2010.03.08
パリで誕生した市民参加型フェスタ『隣人祭り』も今年で20周年を迎えて、いよいよ5月26日にフランス全国の映画館で『隣人祭り』がロードショー公開されることが決定。早速、監督のダヴィッド・ハダッドさんにお会いして、どんな映画なのかをちょっと教えてもらった。
パリ郊外、モンルージュという町にあるDIG・image cinemaという映画会社の試写室。映像を見ながらダヴィッドさんは技術者のセルジュさんに1コマずつ何度もボビンを早回ししたり後戻しして画面の色や光を調整してもらっている。「設定は5月の夕方7時。もっと初夏らしく明るくして!この場面はちょっとサスペンス調に白黒にしよう・・・」ふーん、映画ってこんな風にして出来あがるんだ、思わず画面に釘付けになっているとダヴィッドさんが横から「どお、おもしろい?」と興味深々。
ストーリーは隣人祭りに参加してもらいたいと躍起になってるコンシエルジュ、でも住民はまったく無関心。そのやりとりが何ともユーモラスで可笑しい。自殺志願の若い女性や、住民とはいっさい関りを持ちたがらないアグッレッシブなおじいさん、TVを観ながら孤独死したおばあさん(実はこのおばあさんが曲者でとんでもない事をしでかしたことが後にストーリー展開で重要な意味をもつ!)・・・、みんなひと癖もふた癖もありそうな住民たちが一ヶ所に住まわなければならない現実に、そこから現代の悲喜劇が始まる!しかし、そんなコンシエルジュも1年後、都市開発によって住んでいたアパートも撤去されて失業に。そこから犯罪に手をそめて・・・と何だかストーリーは思いもかけない方向に展開していく。この続きは観てのお楽しみということで、ダヴィッドさんはいったいどうして隣人祭りに興味をもったのだろうか?

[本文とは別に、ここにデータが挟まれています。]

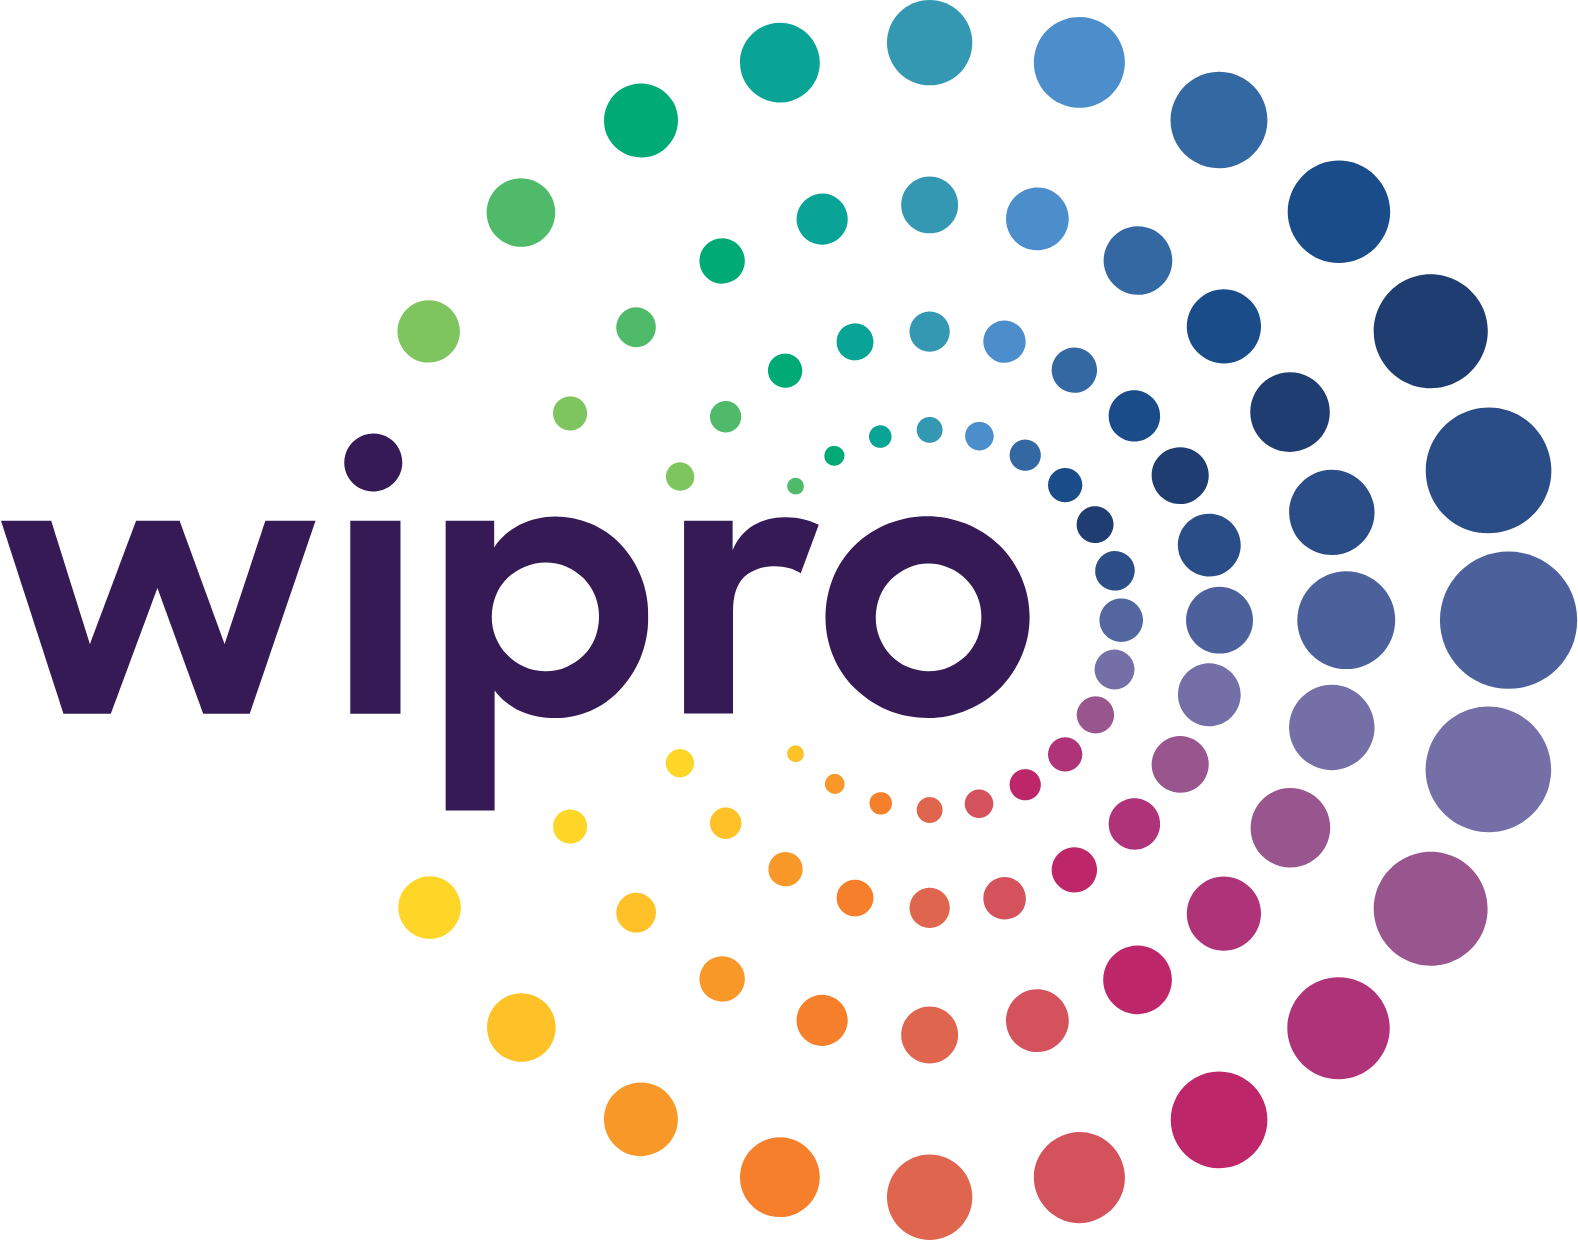 Wipro logo large (transparent PNG)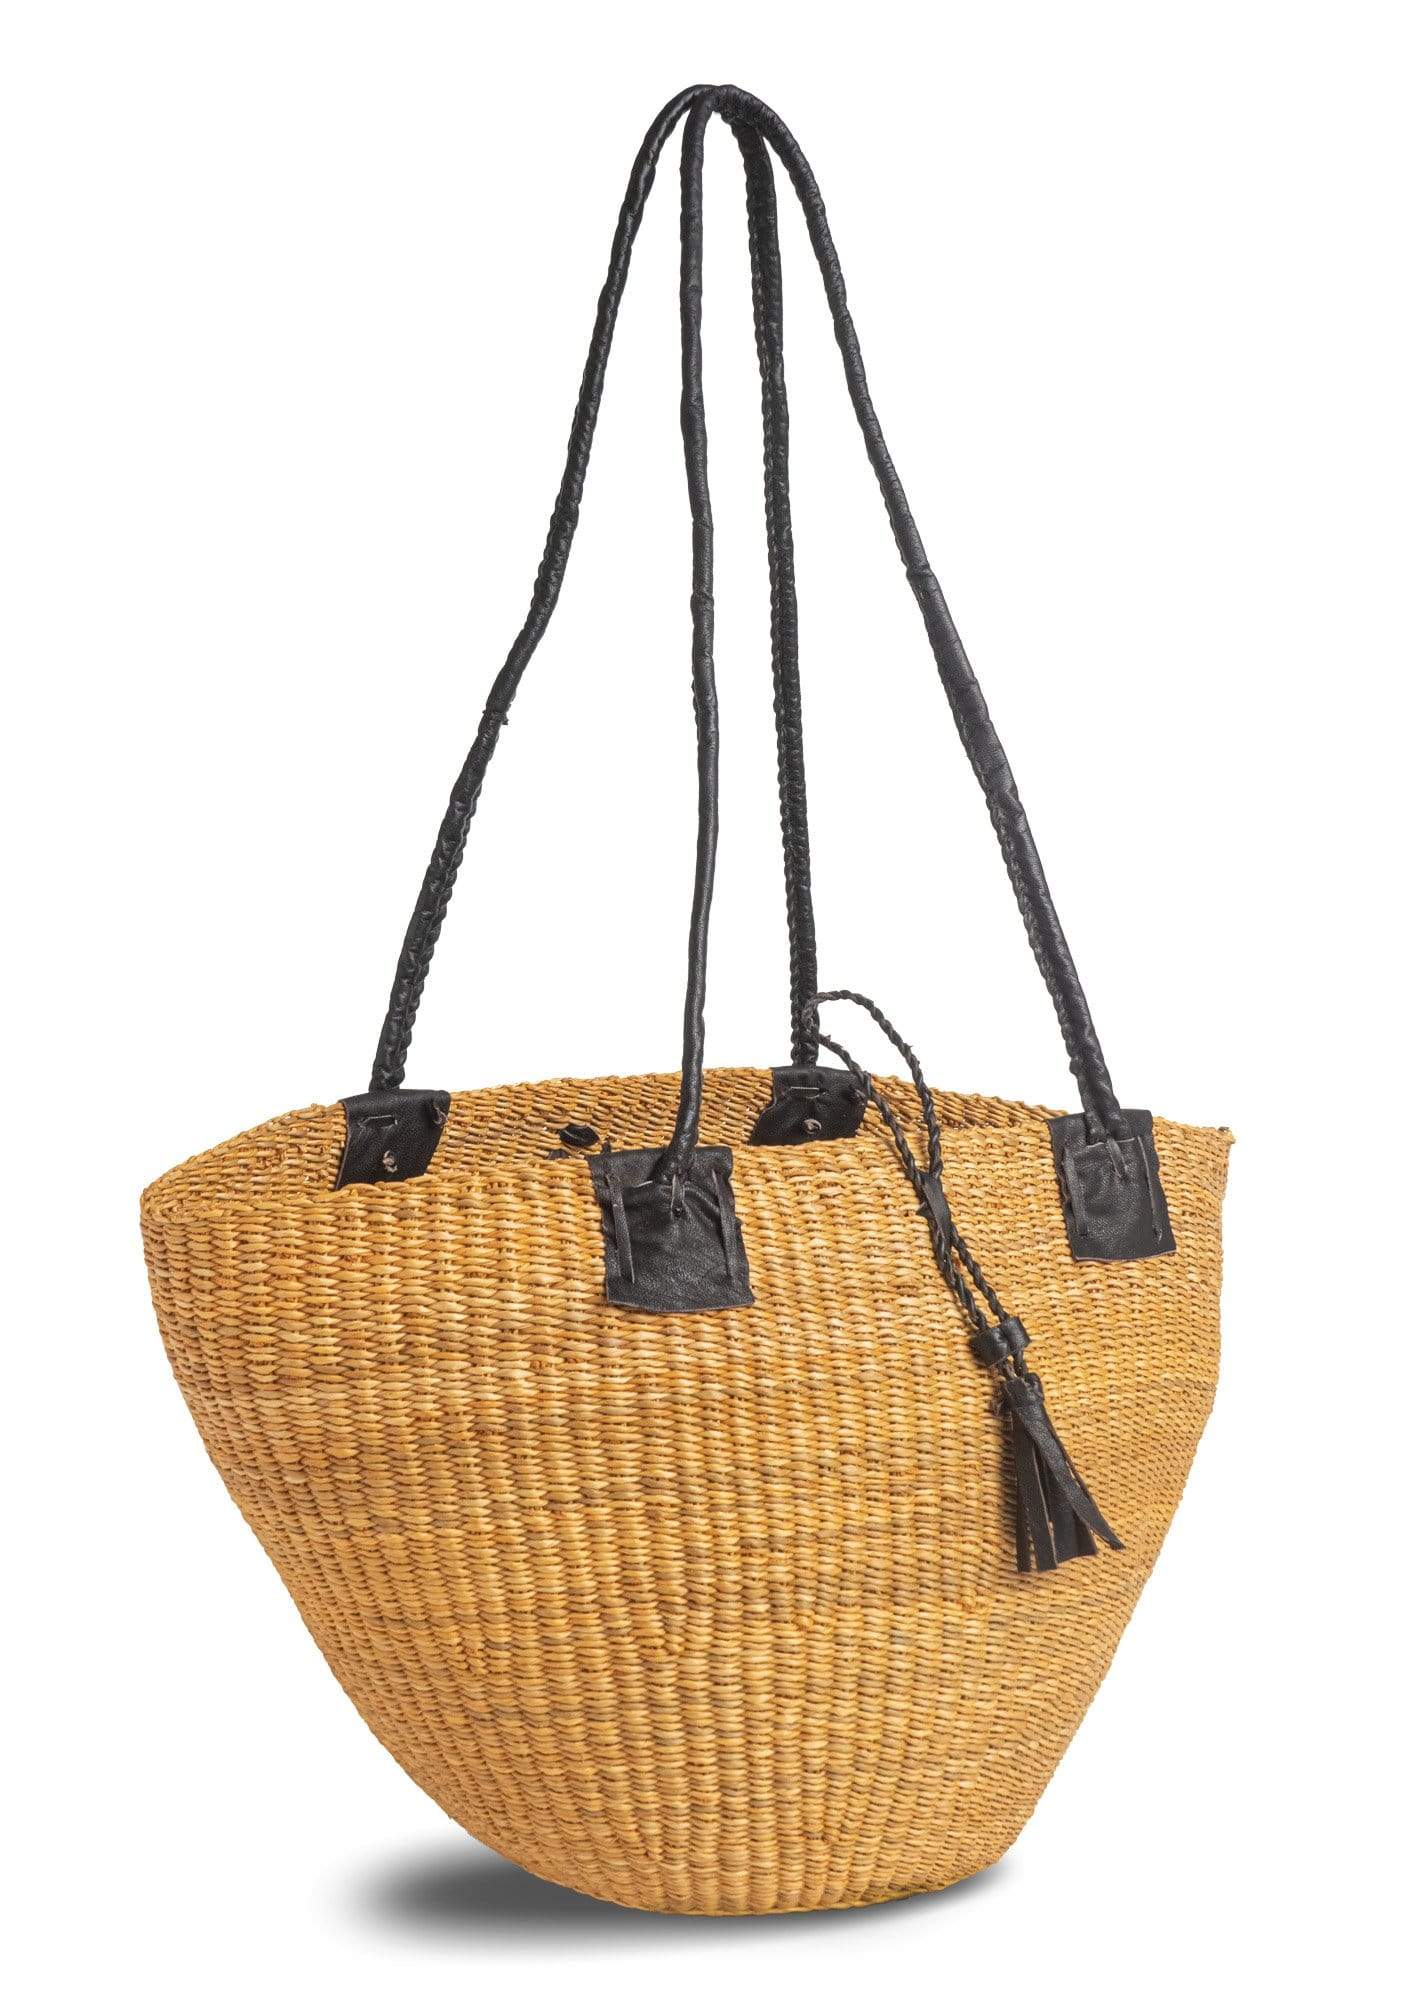 YEVU Accessories - Bag Orange Straw Bolga Handbag - Orange Straw

「隣人祭りの数日前からパリでは街中至る所にポスターが貼ってある。それを見て、これって映画なのかな?って思っていたらそうじゃない。隣人祭りというお祭りだということを知った。早速、創始者のアタナーズ・ぺリファンさんに会いに行ったら、実に市民同士のトラブルが結局は市民同士自らが解決していることを知らされたんだ。赤の他人でもおなじコミュニティーに住んでいれば決して他人じゃない。そこに何と言おうか、現代人の希望みたいなのがあるんじゃないのかなって・・・」
今年の隣人祭りは5月28日(金)に決定。丁度、カンヌ国際映画際の真最中で、この『隣人祭り』も会場で常時、上映されることが決まっている。すでにカンヌでは数何前からこの隣人祭りは開催されているが今年はハリウッドの俳優さんたちも隣人祭りに参加してくれたらどんなにステキに盛り上がることだろう!!